The NORAC assay was performed by a modified method [33,34]. Briefly, a stock solution of DHR-123 (5 mM) in dimethylformamide was purged with nitrogen and stored at -80 °C. A working solution with DHR-123 (f.c. 5 M) diluted from the stock solution was placed on ice in the dark immediately prior to the study. Peroxynitrite scavenging by the oxidation of DHR 123 was measured with a FL 600 microplate fluorescence reader (Bio Tek Instruments, Winooski, VT) with excitation and emission wavelengths of 485 and 530 nm, respectively, at room temperature. The background and final fluorescent intensities were measured 5 minutes after treatment with or without SIN-1 (f.c. 10 M) or authentic peroxynitrite (f.c. 10 M) in 0.3 N sodium hydroxide. Oxidation of DHR-123 by decomposition of SIN-1 gradually increased, whereas authentic ONOO- rapidly oxidized DHR-123 with its final fluorescent intensity being stable over time.

2.3.4 Singlet oxygen absorbance capacity (SOAC) assay

Singlet oxygen was generated in ethanol by the molybdate-catalyzed disproportionation of hydrogen peroxide (H2O2) at 37°C. Hydroethidine was used as a probe to singlet oxygen. Hydroethidine was prepared in N,N-dimethylacetamide (DMA) to make 40 M solution, 2.635 mM Na2MoO4 and 13.125 mM H2O2 working solutions were also prepared in DMA. 125 L of HE solution was added to a well followed by addition of 25 L 2.635 mM Na2MoO42- and 25 L 13.125 mM H2O2 , respectively.

2.4 Clinical Study

The clinical pilot study protocol (FC-NC-0902) was approved by the Institutional Review Board at Vita Clinical SA, Avenida Circunvalacion Norte #135, Guadalajara, JAL, Mexico 44270. Males and females between the ages of 45-55 years, with a BMI of 25-36 were recruited for the study. Other inclusion criterion included: subjects otherwise reported themselves as "healthy" (no known disease conditions), were not on any medications, were not allergic to fruits and were not experiencing any digestive problems. A total of 31 subjects were randomized into two groups; a PRB and placebo group.

PRB and placebo samples were prepared in coded tubes and refrigerated at approximately 1.5-3.5°C until time of serving. PRB samples were obtained from a commercially produced lot of the SoZo® beverage. The placebo consisted of a commercially available pear juice that was freshly diluted 1:9 in water. All samples were shaken well immediately prior to administration.

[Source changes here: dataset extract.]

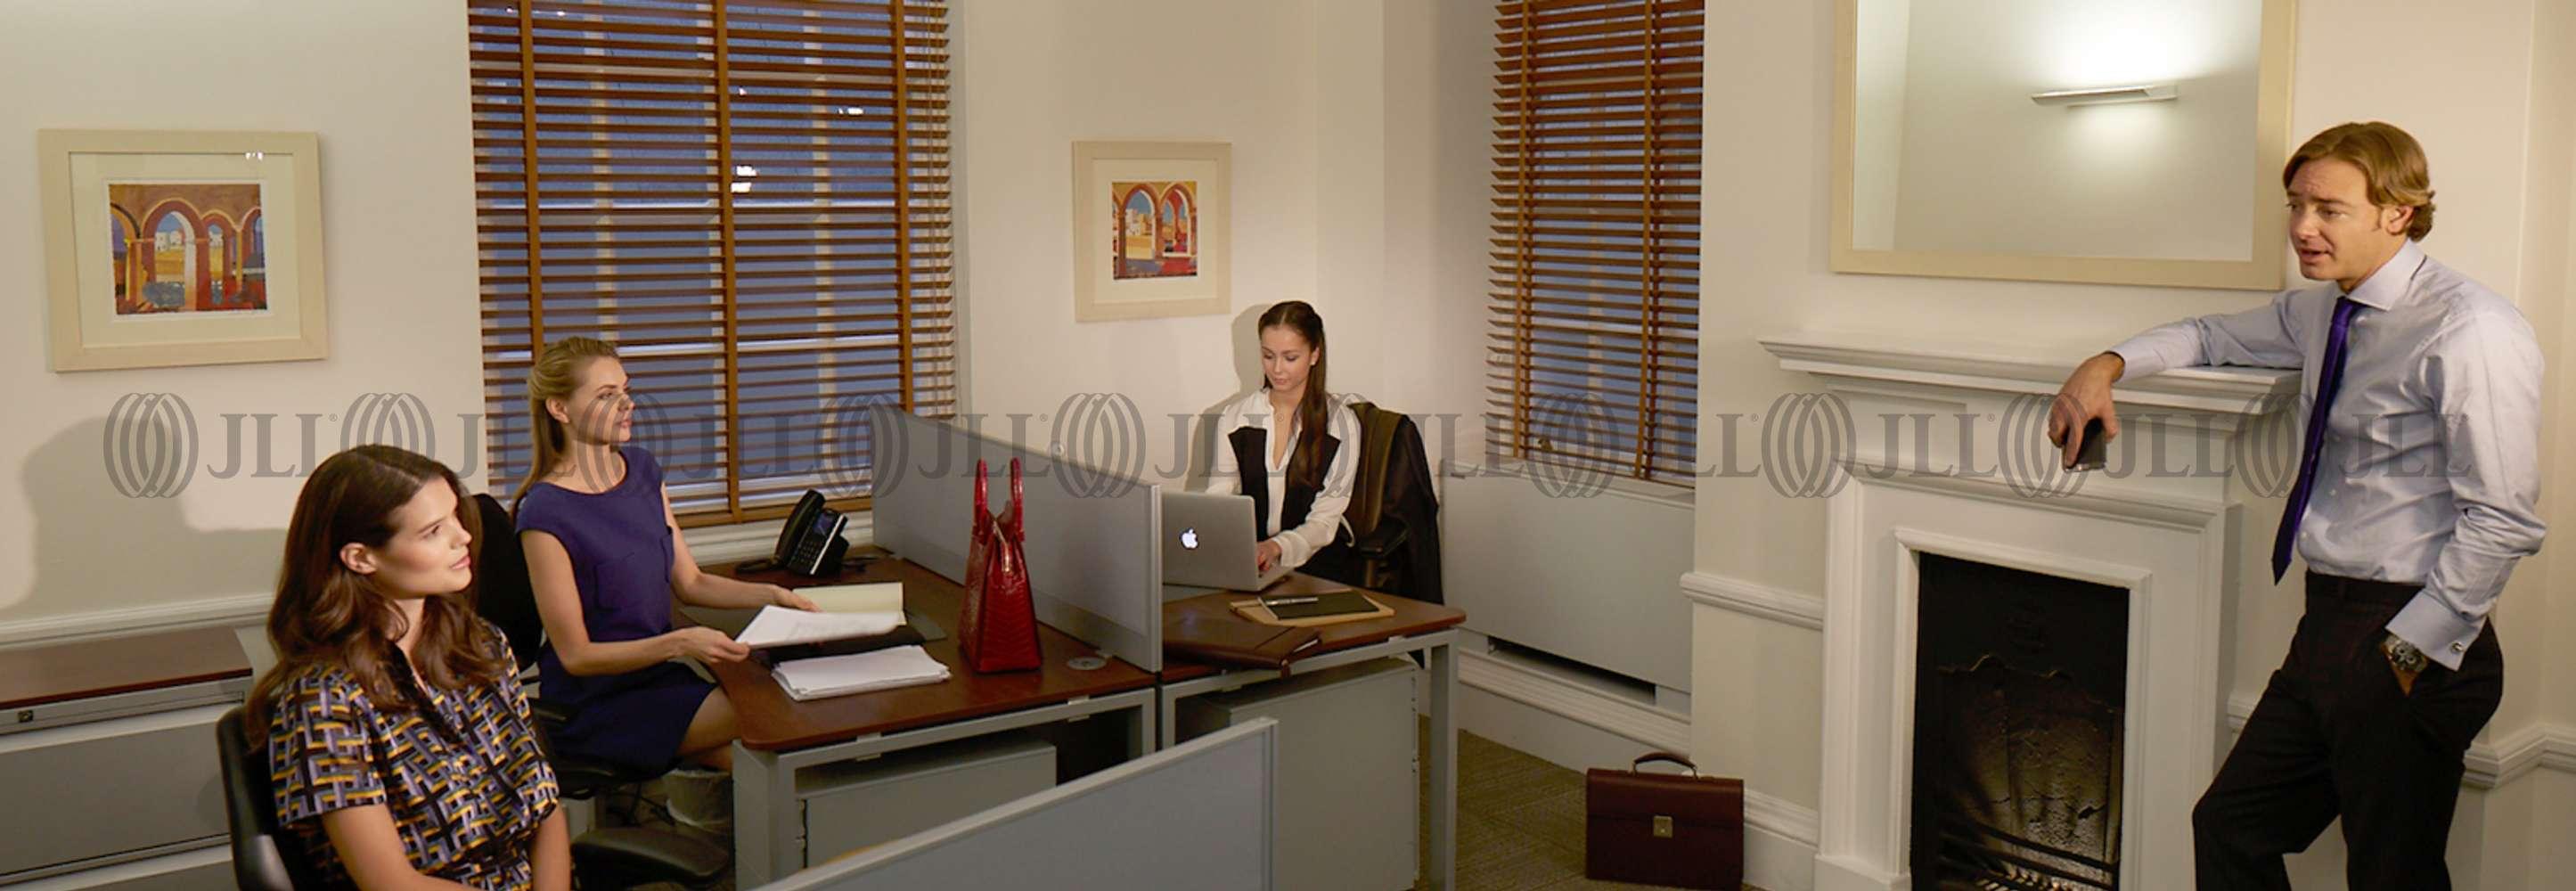 Serviced office London, WC2E 7PP - Hudson House

All study participants were informed about study goals, study design and PRB features, and signed a consent form prior to treatment. Study participants were instructed to fast overnight and to avoid vigorous exercise for 12 hours prior to participation. All study participants were routinely asked about how they were feeling during the four hours of post-treatment, in part to identify subjects that might have been experiencing hypoglycemia, so as to avoid collection of data from subjects affected by low blood glucose levels during this acute study. Blood collection was performed by medical laboratory scientists and phlebotomists. Blood was drawn from the median cubital vein using Vacutainers (Becton, Dickinson, Franklin Lakes, NJ). Sample collection was initiated immediately following informed consent, and was performed on all participants at 7:00 AM (T0).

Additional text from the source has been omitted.